*The input*
^^^^^^^^

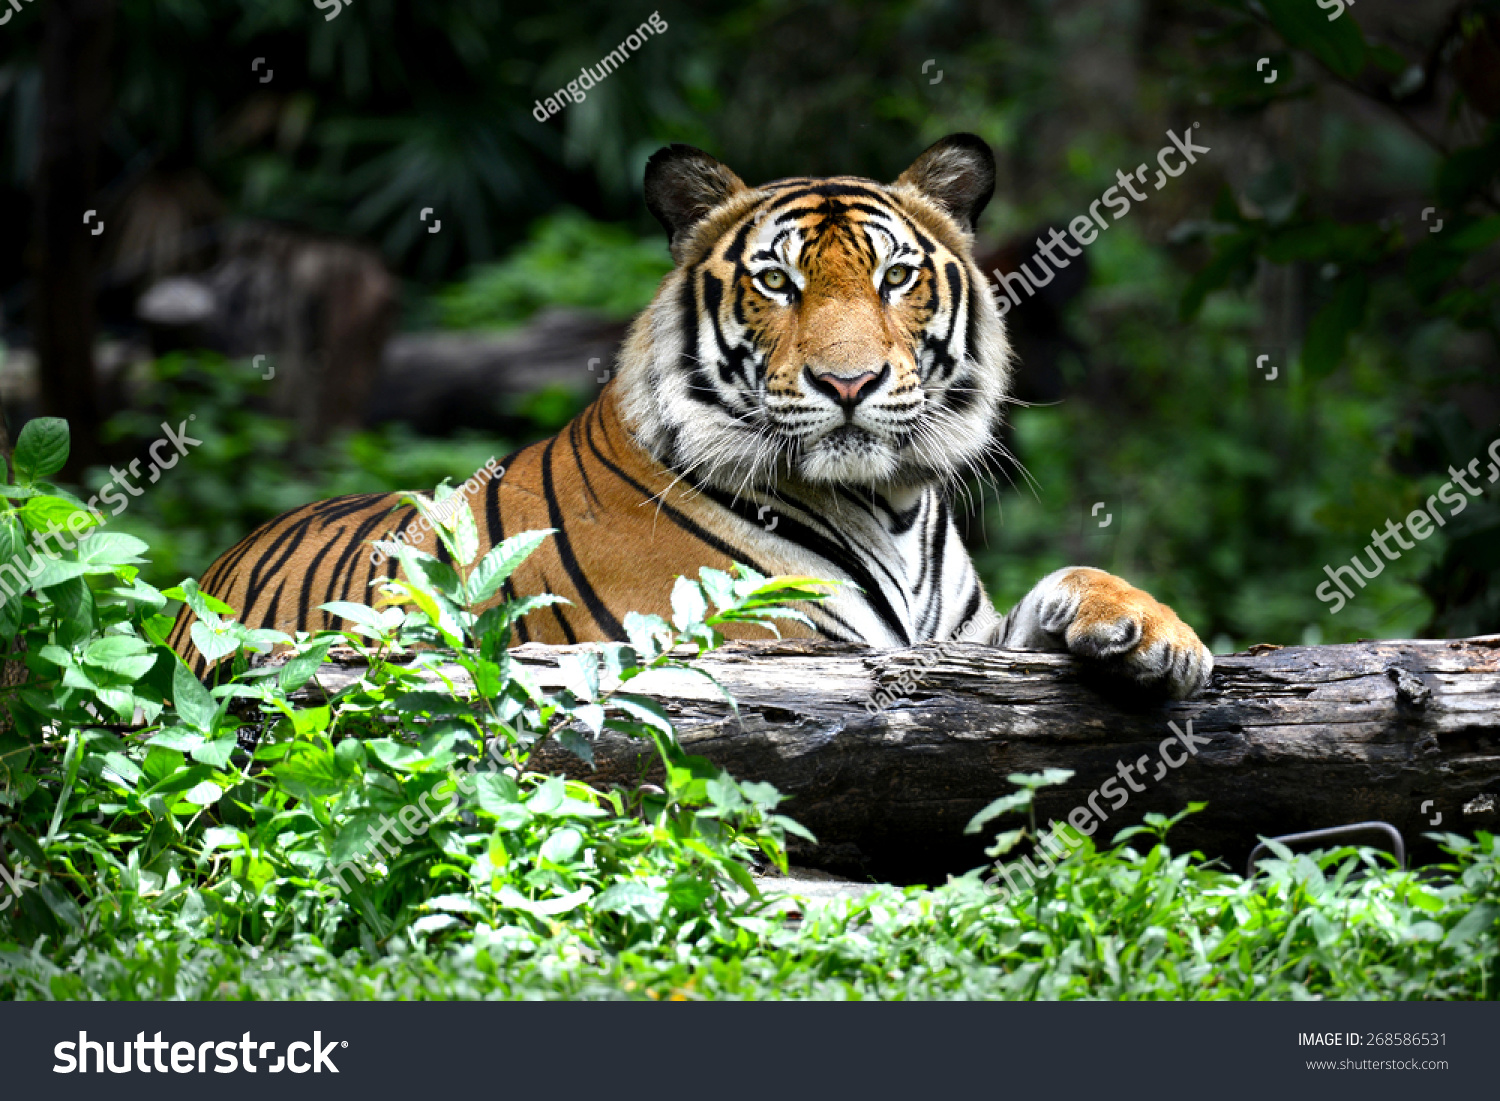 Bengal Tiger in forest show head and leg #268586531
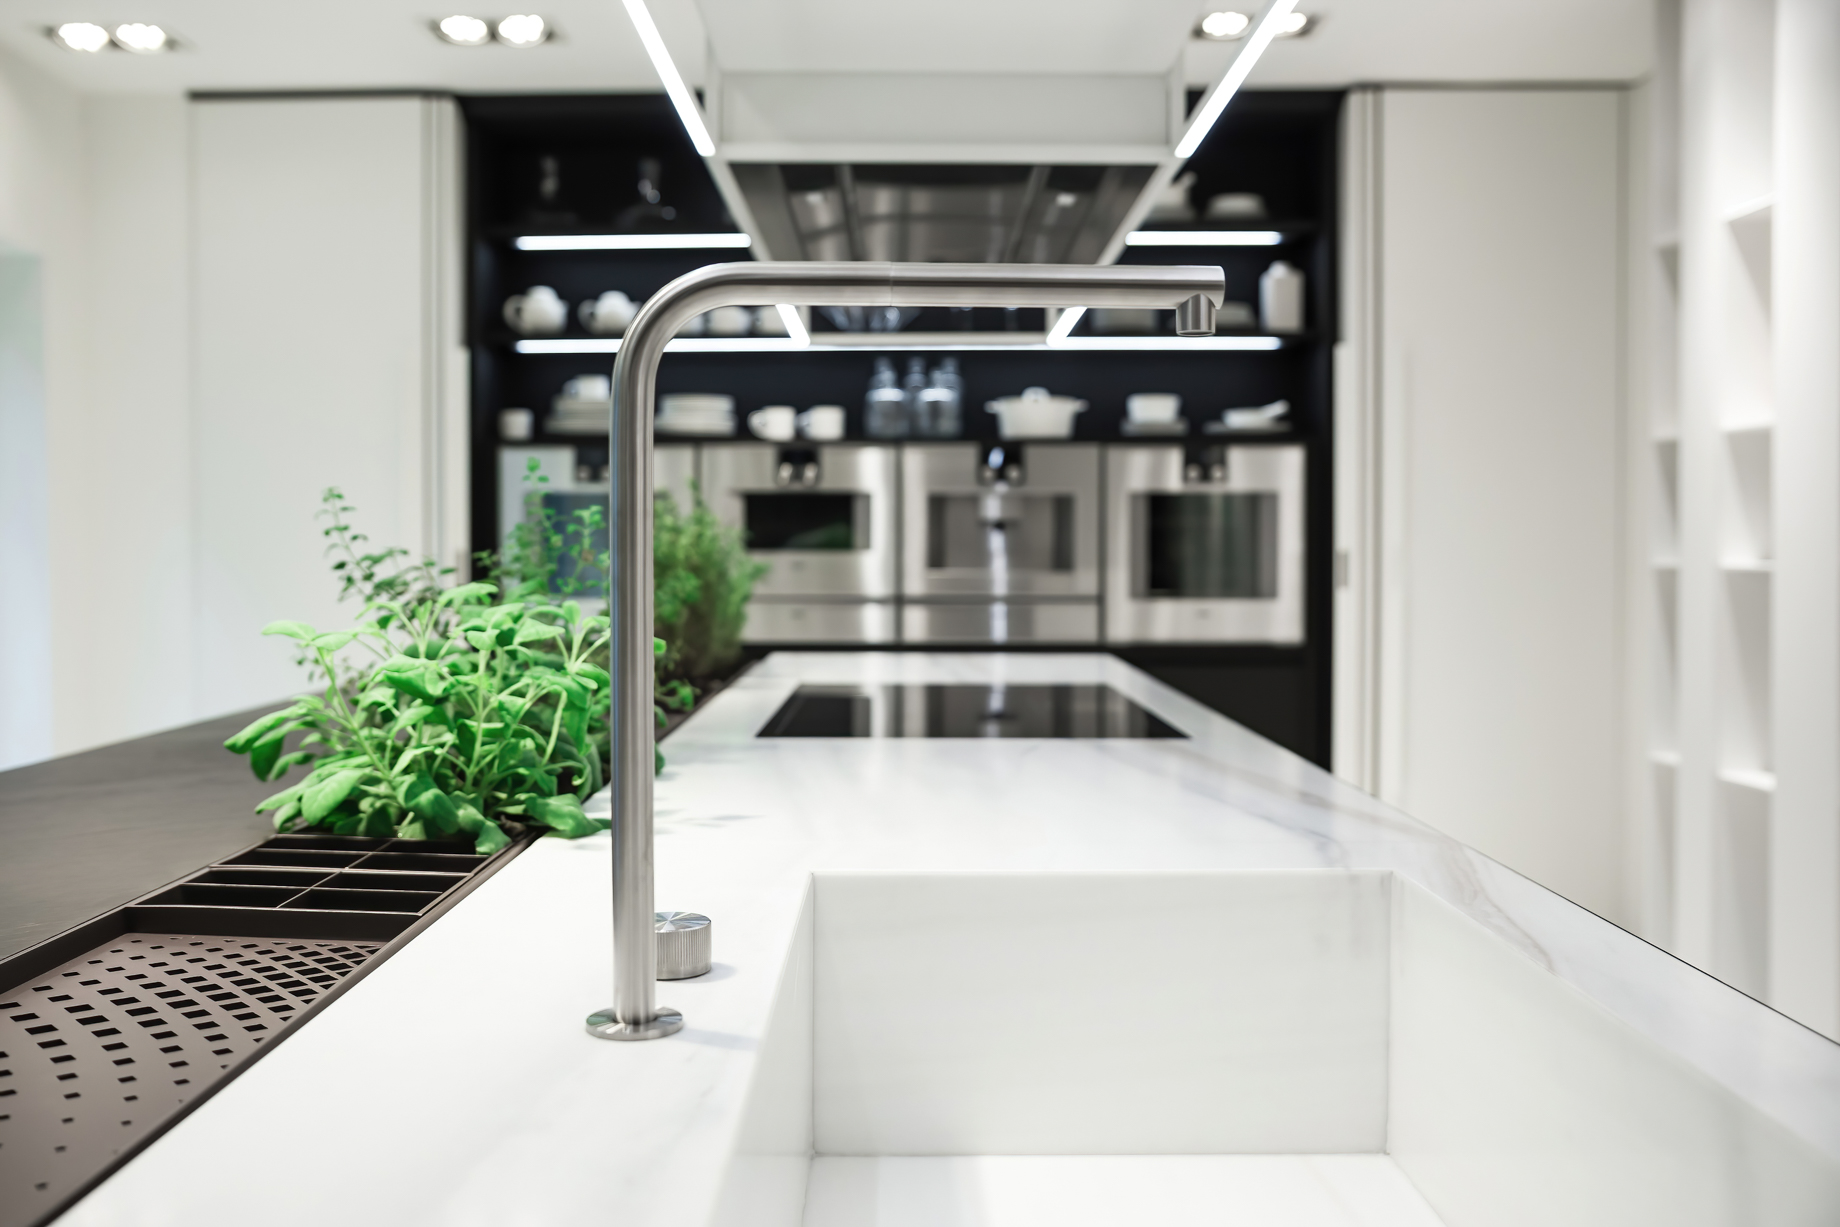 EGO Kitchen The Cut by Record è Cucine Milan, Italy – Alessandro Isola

^^^^^^^^

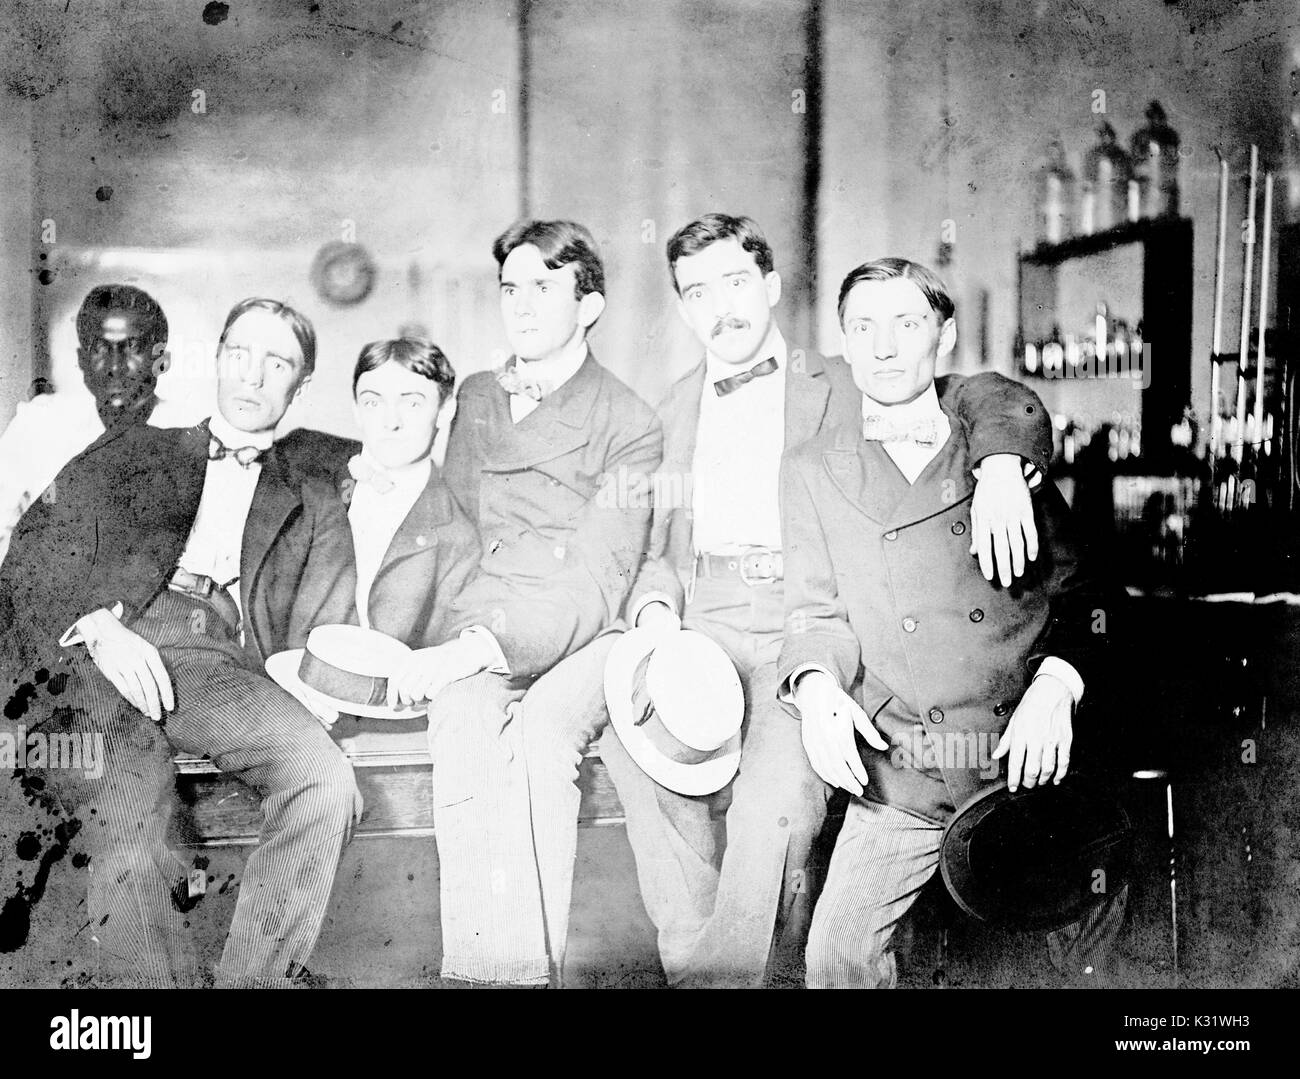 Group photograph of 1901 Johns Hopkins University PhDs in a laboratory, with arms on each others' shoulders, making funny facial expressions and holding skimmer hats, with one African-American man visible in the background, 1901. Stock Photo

^^^^^^^^

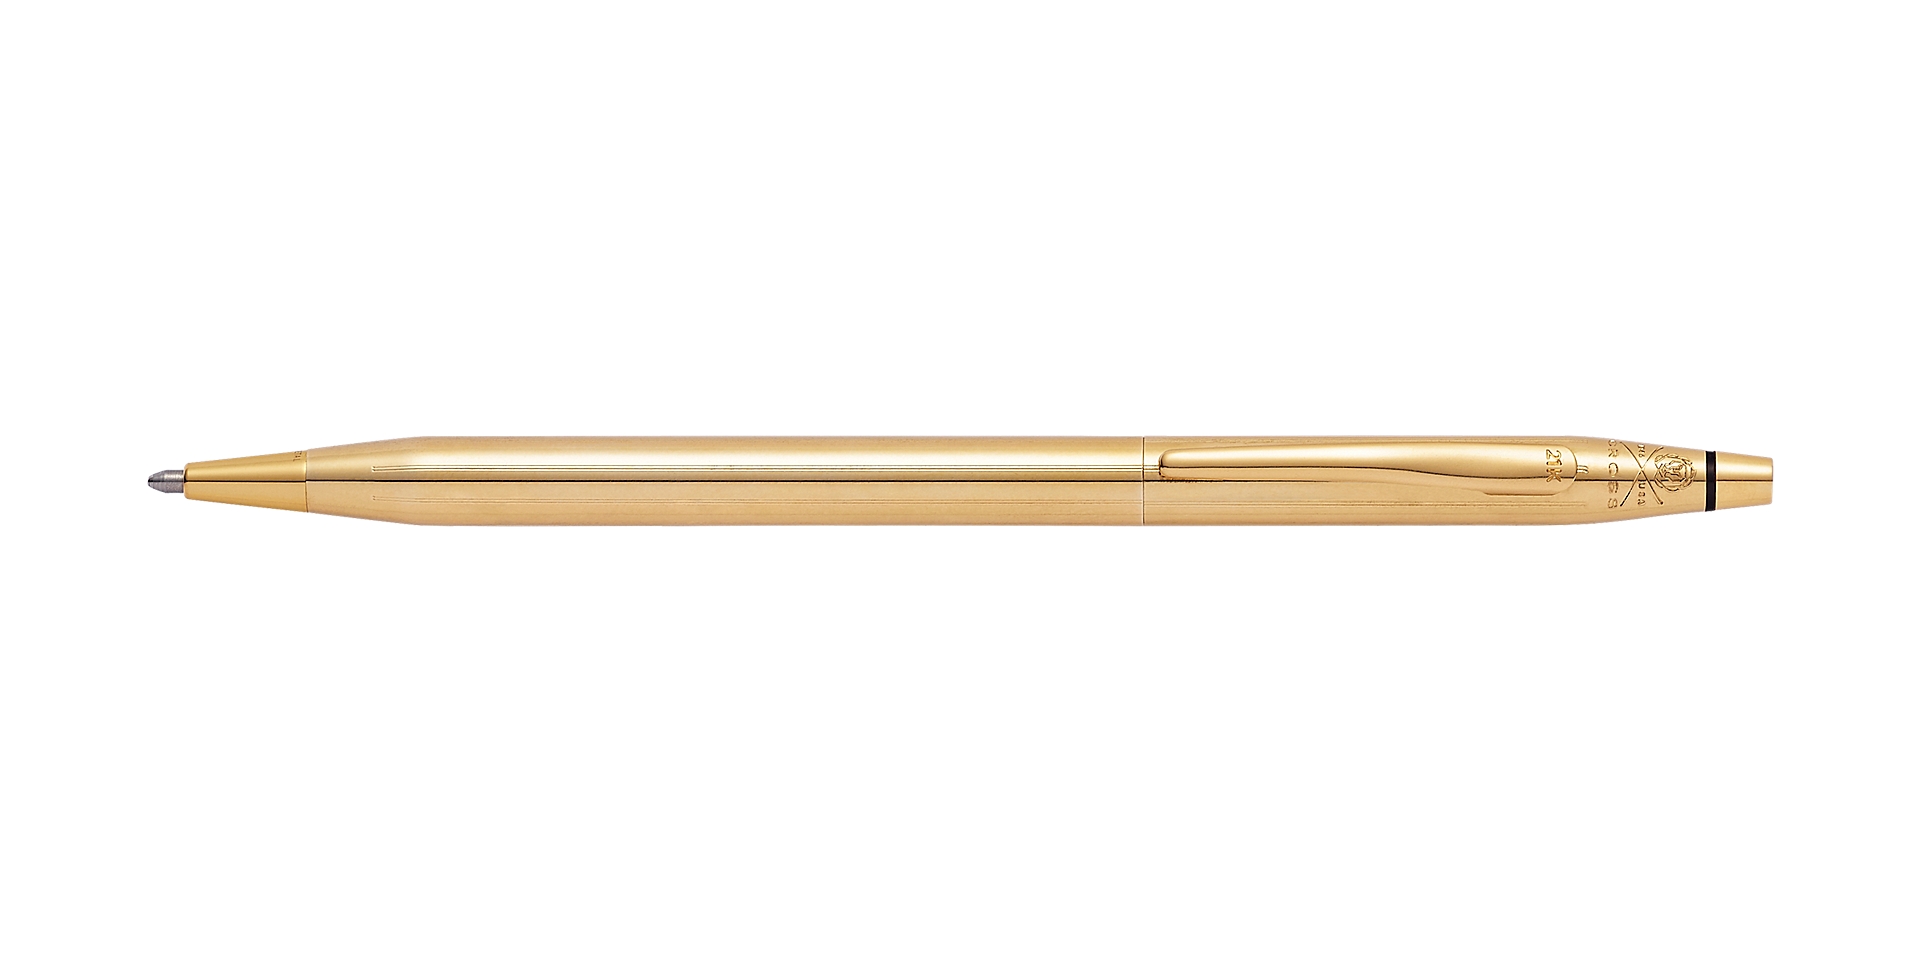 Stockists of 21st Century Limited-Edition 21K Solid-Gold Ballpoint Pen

^^^^^^^^

*The problem*
Though the entries above contain pictures, none should be copied; reproduce only the lines between the one holding "Bengal Tiger in" and the one holding "EGO Kitchen The", inclusive, exactly as written.

*Solved exercise*
 Bengal Tiger in forest show head and leg #268586531
 EGO Kitchen The Cut by Record è Cucine Milan, Italy – Alessandro Isola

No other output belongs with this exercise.